Aveva scoperto la malattia un mese e mezzo prima, durante una semplice visita di routine. I medici non erano stati subito in grado di chiarirle quali fossero le sue aspettative di vita. L’avevano sottoposta ad innumerevoli esami, era stata bucata come un colabrodo per ogni iniezione ed ogni prelievo di sangue. Poi la diagnosi chiara.

“Signorina, il suo corpo sta cedendo. Il tumore al cervello ormai è inoperabile. Possiamo tentare con la chemioterapia se lo ritiene giusto. In questo momento, la sua aspettativa di vita è di circa due mesi, forse tre. Ci dispiace molto.»

Harry continuava ad immaginare Liz in ospedale, in una squallida stanza bianca, spoglia, vuota, che non rispecchiava per niente il suo essere. Il suo cuore si lacerava al ricordo dei suoi occhi quando aveva ripetuto “la sua aspettativa di vita è di circa due mesi, forse tre”. Cosa c’era di sbagliato in lei? Perché fra tante persone quel male aveva dovuto abbattersi proprio su di lei?

La cosa che più lo feriva era la forza di Liz. Sì, perché lei non si era arresa ed aveva intrapreso una lotta con la malattia. Aveva iniziato immediatamente con la chemio, sperando sortisse qualche effetto e che le desse almeno modo di apprezzare un po’ di più la vita che tanto sognava.
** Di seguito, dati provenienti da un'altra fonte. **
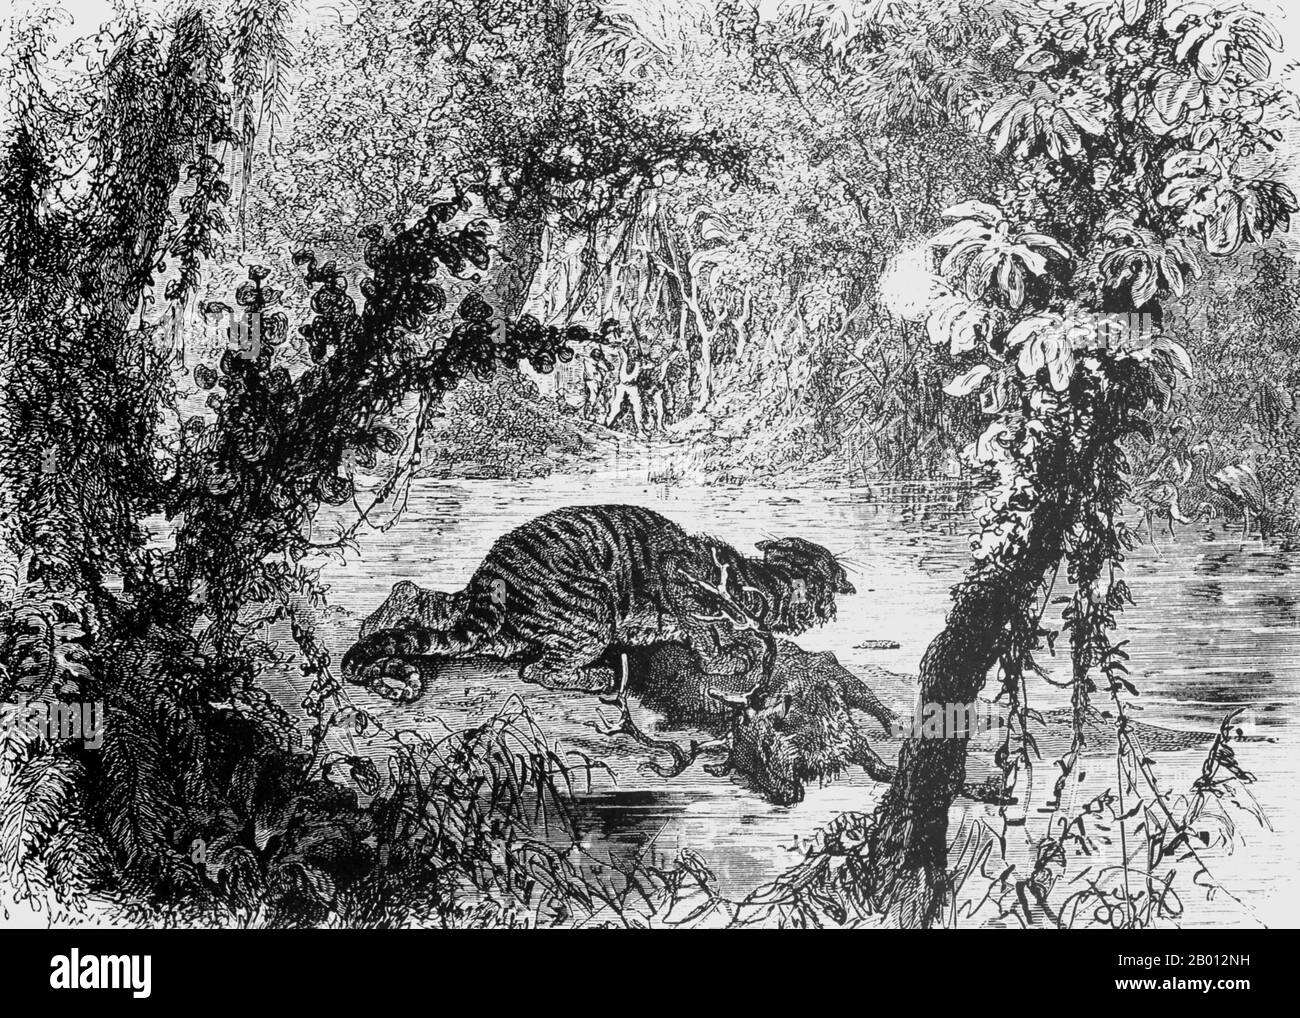 Kambodscha: Eine Skizze eines Hirsches, der von einem Tiger im Dschungel nördlich von Siem Reap getötet wurde. Illustration von Alphonse-Marie-Adolphe de Neuville (1836-1885), 1867. Diese Zeichnung von A. de Neuville basiert auf einem Original von Louis Delaporte, das während des zweijährigen Vorhabens der französischen Mekong Exploration Commission (1866-68) in den Dschungel von Indochina skizziert wurde. Der Hirsch wurde vor ihren Augen vom Tiger getötet. Die französischen Kolonialisten schossen ein paar Schüsse ab und trieben das Tier weg, schnitten dann die Hinterhand des Hirsches ab und trugen es nach Siem Reap, wo das Fleisch gesalzen wurde. Stockfoto

Sua madre aveva lasciato il lavoro per passare con lei più tempo possibile, mentre il padre procedeva con la sua attività medica, cercando i migliori specialisti del paese e sperando che volessero operare Liz. Lui, anche essendo un chirurgo coi fiocchi, non ne sarebbe stato capace.

Sfortunatamente la situazione della ragazza era già molto grave e nessun medico accolse la supplica dell’uomo. Nessuno avrebbe voluto accorciarle ulteriormente la vita con un intervento finito male.

“Non ci resta che pregare.”

Le disse un giorno la madre, e lei capì quanto realmente fosse problematica la sua condizione.

Harry si stropicciò gli occhi nel tentativo di bloccare le lacrime.

Aveva scoperto cosa significava avere un ragazzo ed ora stava per perdere la sua migliore amica. Perché?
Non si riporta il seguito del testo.